Lest you doubt, check out the Jimmy DeLoach Parkway in Pooler. Not all that long ago you could ride the rush hour from 95 nearly to Highway 17 without seeing much traffic. Nowadays it’s so backed up with semis and transplants there are days you might as well take the long way and go up to Statesboro to get back over to Savannah.

Admittedly, I’m not a fan of more roads because of the old adage every solution has a problem. I come by it naturally, because a good chunk of the road building I’ve been around appears to my jaundiced eye targeted as much toward opening fresh areas for development as it might be aimed at making driving safer and less stressful for folks already here, even if that’s a short-term result.

In fact, I’m of the opinion quality of life for current residents is usually secondary to economic development in whatever metrics get used to decide what goes where when. That’s not to say the people who make those decisions are bad people. They’re doing what they think best.

But it seems to me so long as officials can point to gaudy numbers showing this is the No. 1 state for business and developers and companies who come here to do business have a healthy bottom line, then us regular people can either get on board the growth train, run for office ourselves, or go smoke rope somewhere else.

I tend to use Highway 21 in Effingham County as an example, again and again. It was four-laned from Port Wentworth into Rincon more than 20 years ago and for a while was a nice drive.

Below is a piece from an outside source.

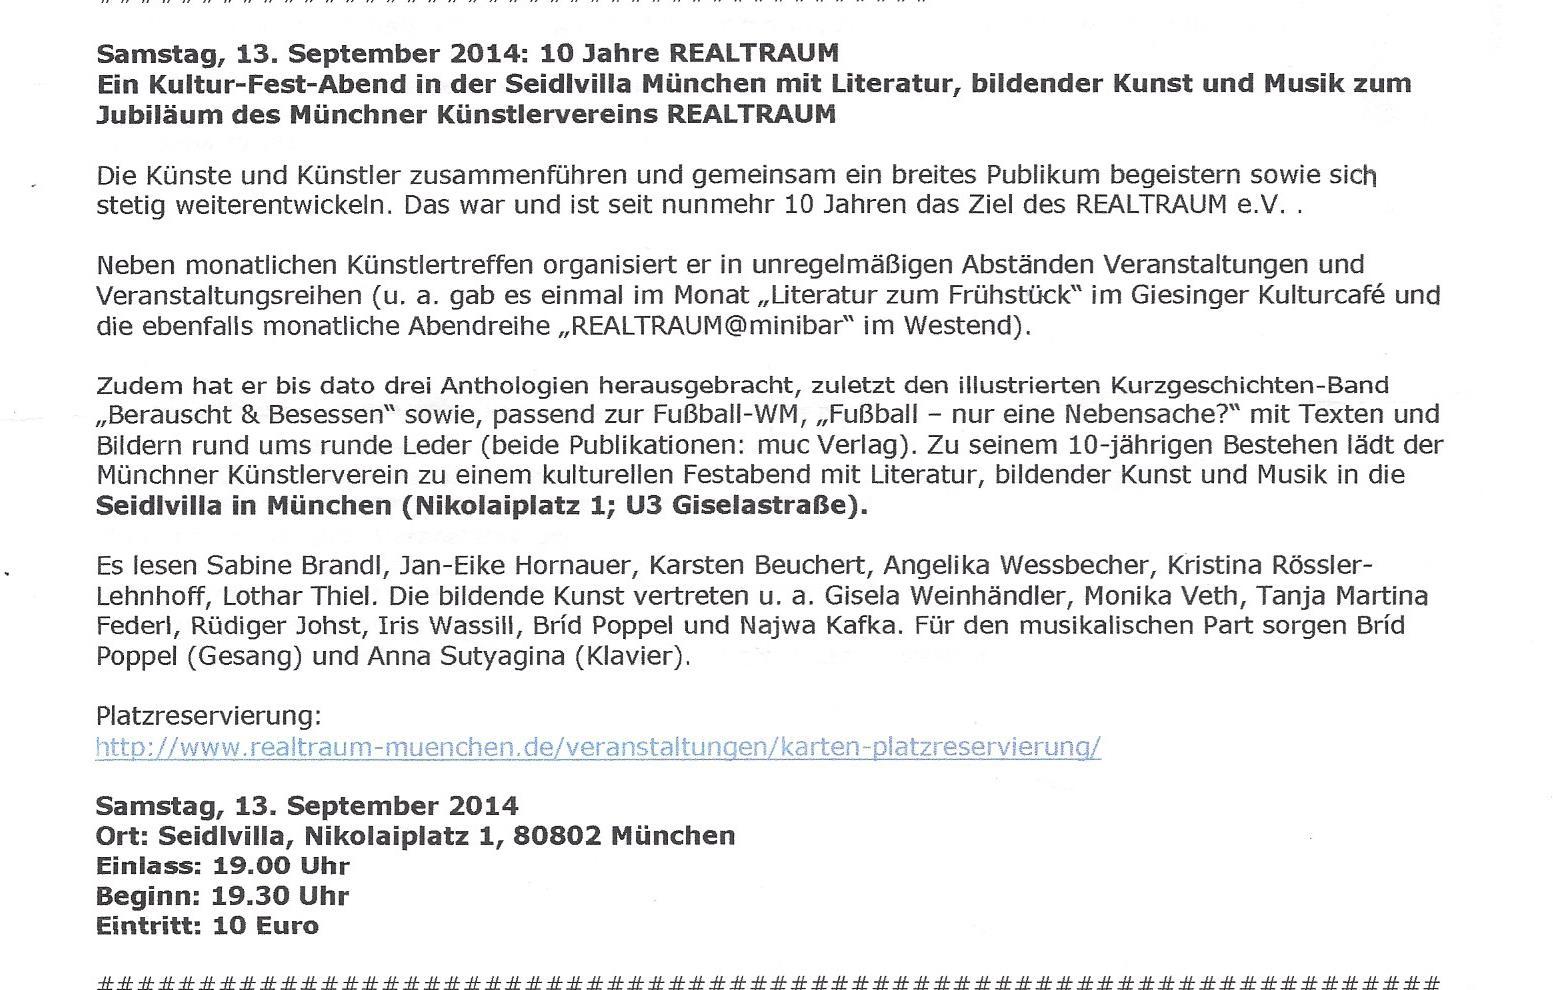 Realtraum München  10 Jahre jubiläum 2014

But it opened up a strip of West Chatham – and that stretch of South Effingham – to the ever-ready builders, and within a decade (say by 2007 or so) massive housing developments began cropping on both sides of 21. At the same time, years of booming residential growth in Effingham County meant morning commutes into Savannah were taking longer and longer – that five miles from Goshen Road to the I-95 interchange could take half an hour or more at times, just because of the volume of traffic.

Along the way, a school and a shopping center opened nearby, about halfway from Effingham County to the interstate, and before you knew it there had to be a traffic light at that intersection to keep people from killing one another. What’s more, another median cut maybe 150 yards or so away muddied the waters. When traffic is moving, drivers heading north or south on 21 have to hold their breath and hope those folks trying to exit a certain giant housing development (which has since been expanded to include an apartment complex and commercial stuff) and tired of waiting 10 minutes to get onto 21 don’t finally just close their eyes and hope people’s brakes are working.

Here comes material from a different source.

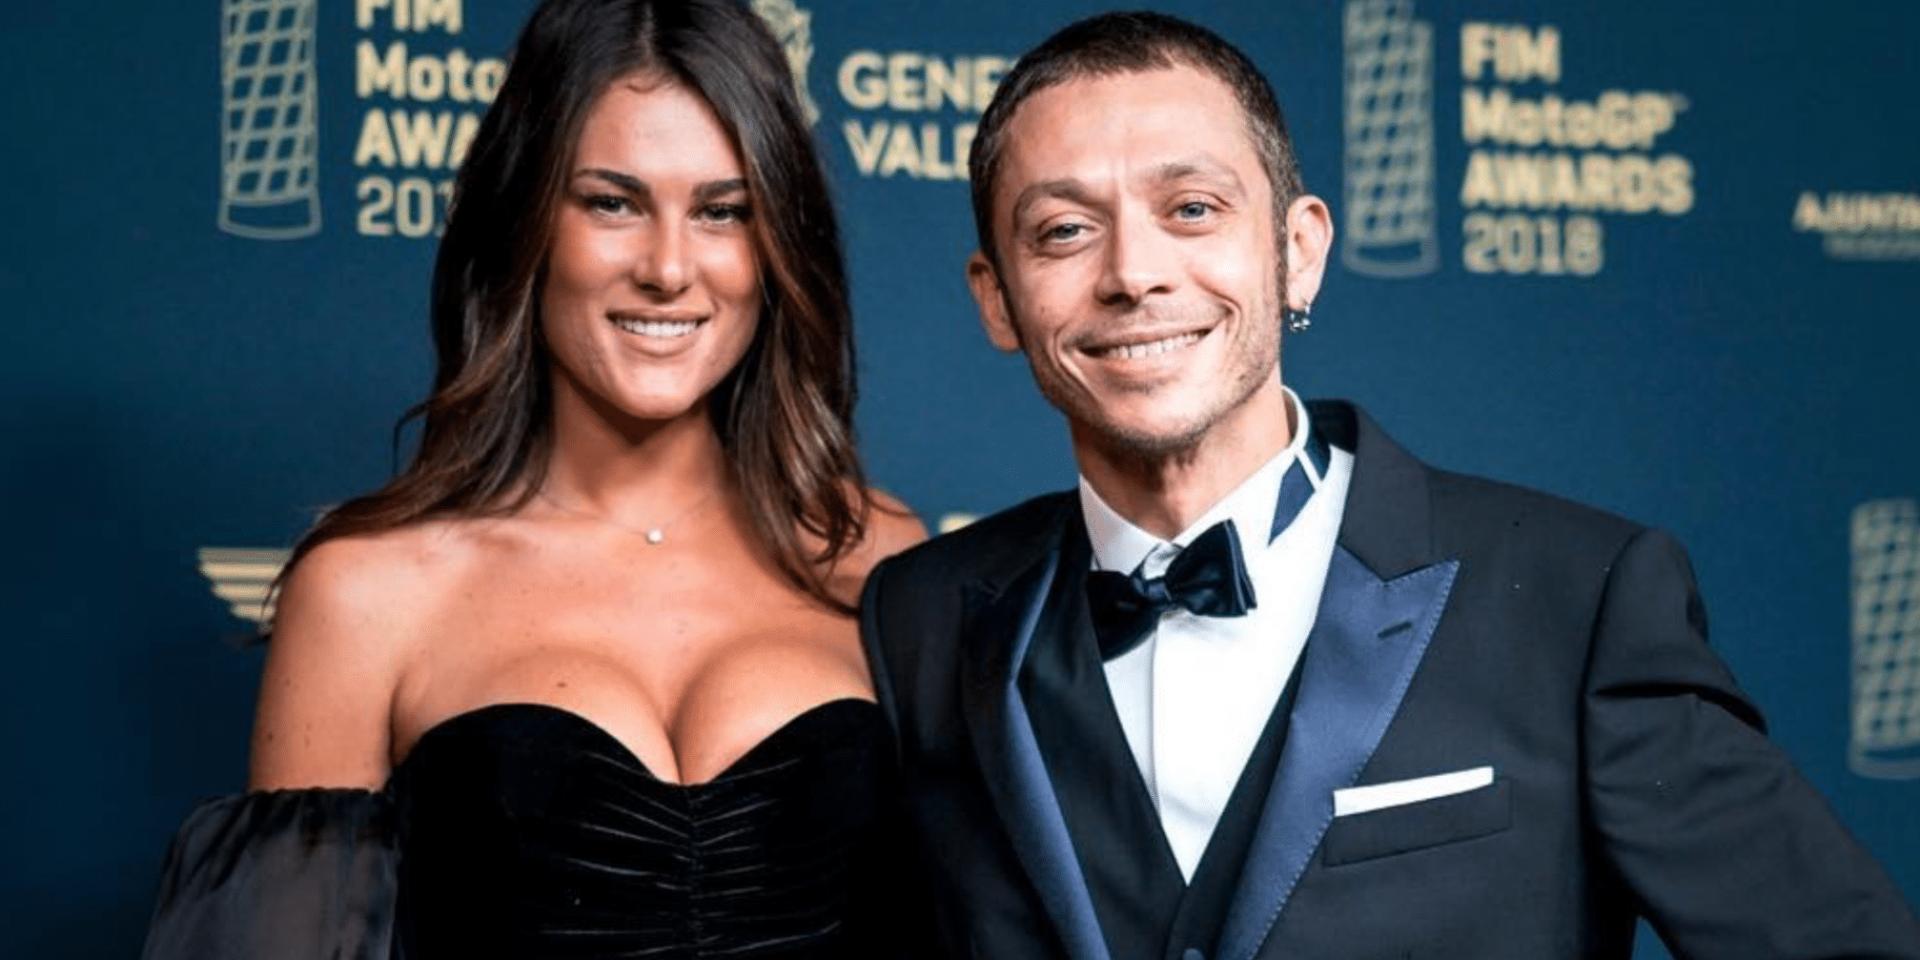 情人節只是平凡的大年初三。Francesca Novello:我夢想與Valentino Rossi生小孩,但結不結婚都無所謂。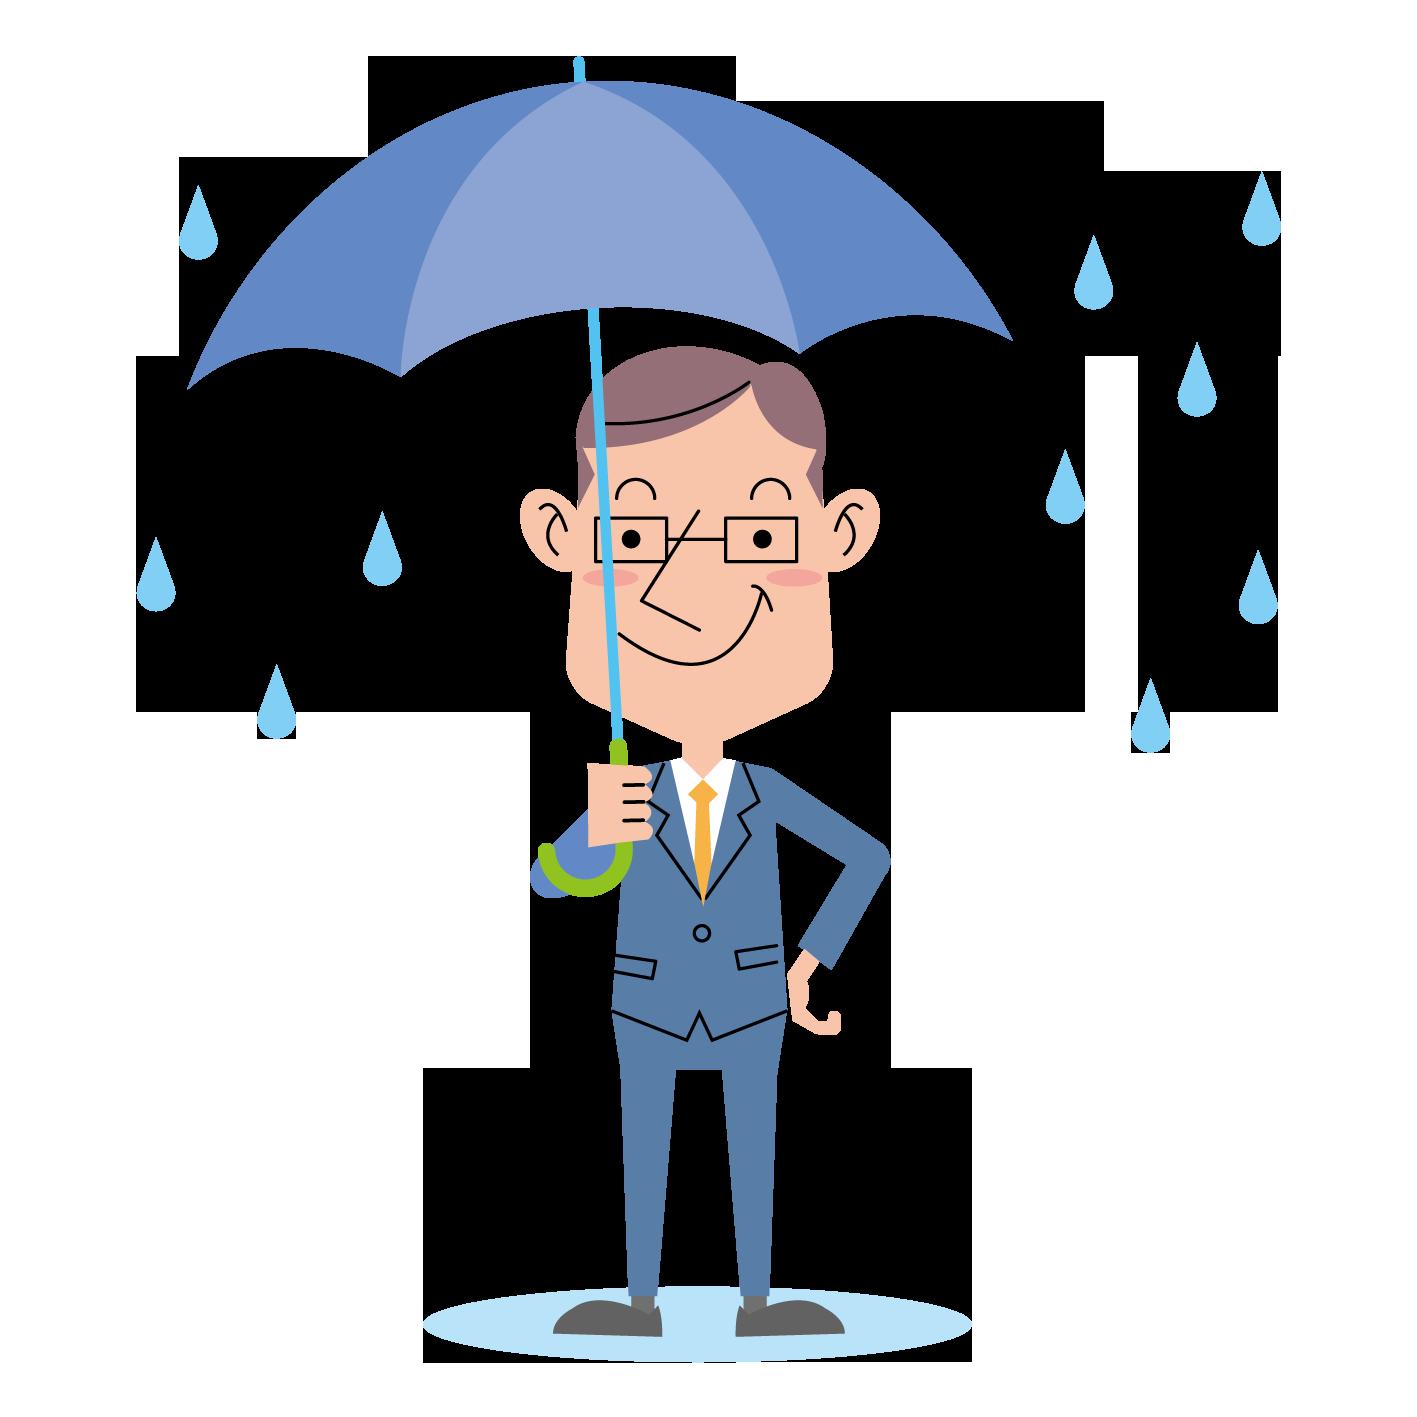 〈無料イラスト素材〉雨の日イメージの表情・ポーズいろいろ

Once, in the middle of that area near the median cut, I saw a pickup on its side in the fast lane. All by itself. No signs of a wreck, just the requisite emergency vehicles and that big old pickup, laying on its side like an abandoned toy. That was after it took me and a whole lot of other folks nearly an hour to get about 3 miles from the I-95 interchange up 21 to that particular spot. Traffic was, to put it mildly, all jacked up. Again.

Sure, seeing one of those giant pickup sitting on its side all by itself was something I’ve only seen once. Traffic snarling wrecks aren’t. They’re a dime a dozen anymore, except they’re not for those hurt or killed in them.

In the meantime, it’s somehow considered progress to keep on adding more traffic, then more roads, then more traffic.

That means if the recent past is any indication, anything resembling an open road hereabouts will continue to have a short shelf life.